Bitcoin Q&A: Fostering Adoption with Empathy and Education

[AUDIENCE] [We are both] always talking about adoption,
that we need to work on adoption in local communities. All of them need to work on adoption
in the local to make it more global. Maybe you can give all of us some advice about
how to work on adoption, in the proper way, with Bitcoin. [ANDREAS] I have a slightly different
perspective on mainstream adoption… than many people in this space. Some people believe that, in order to get mainstream
adoption, you [must] go out there [to] promote it, [that you must persuade] people to use these
technologies, go into every store and [ask], "Do you accept Bitcoin? No? Well then, I'm not
buying anything from you!" and walk out. [Laughter] You [will be] very hungry, if you do that.

Very soon, you won't have too many friends. "Hey man, we're going to the party
next week. Did anyone invite Phillip?" "Oh, no… All he does is talk about Bitcoin, all the time." Have you been there? I've been there. [Laughter] I think it is important to recognize that
not everybody needs this technology [yet]. Also the technology is not ready for everyone.
It is still difficult to use, difficult to secure, difficult to operate in a convenient way.
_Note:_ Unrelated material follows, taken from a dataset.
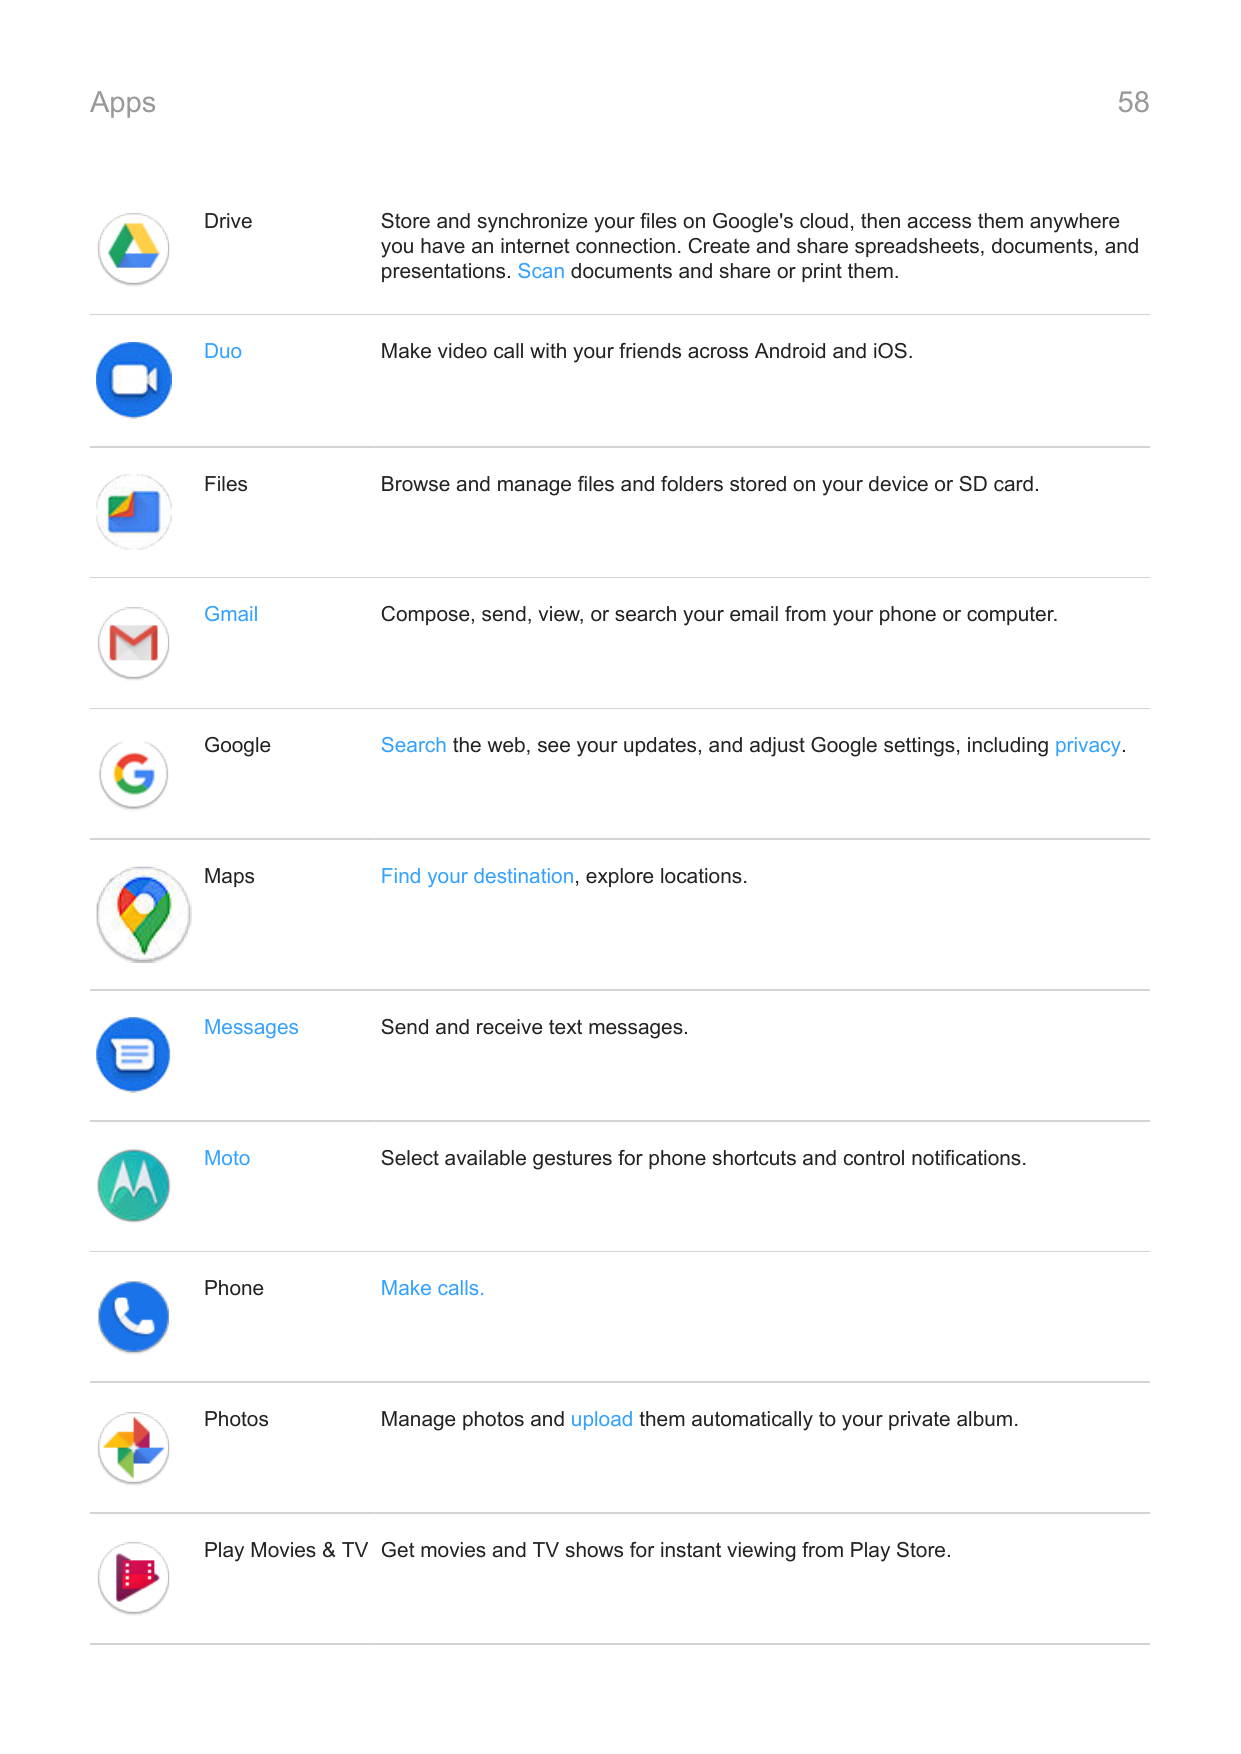 Apps58DriveStore and synchronize your files on Google's cloud, then access them anywhereyou have an internet connection. Create

[Most of] the user interfaces are very poor,
require a high level of technical expertise. even more so to operate securely. Why do you need it in your life? Maybe you have this particular balance of
skill and need, and it is right for you today. But maybe it is not right for your friend, and
maybe it won't be right for another five years. Maybe the zloty must to go to
shit before it's right for them. I went to Greece in 2010, after the crisis, and told people,
"You should really look into bitcoin. It's important." Nobody listened. Now when I go, everybody
wants to know about Bitcoin. Give it eight years of economic recession and
suddenly everybody is interested in sounds money. Everybody becomes a monetary economist. The secret about money is: you can ignore it [while] it
works. The moment it stops working, you can't ignore it. [You are aware of it] everywhere and it ruins everything. There are some countries in the
world today where it is needed. There are some applications today where it is needed. If you meet an immigrant who [works as] a taxi driver
and sends money to their family in Kuwait, in Jordan, in the Sudan, in Mexico…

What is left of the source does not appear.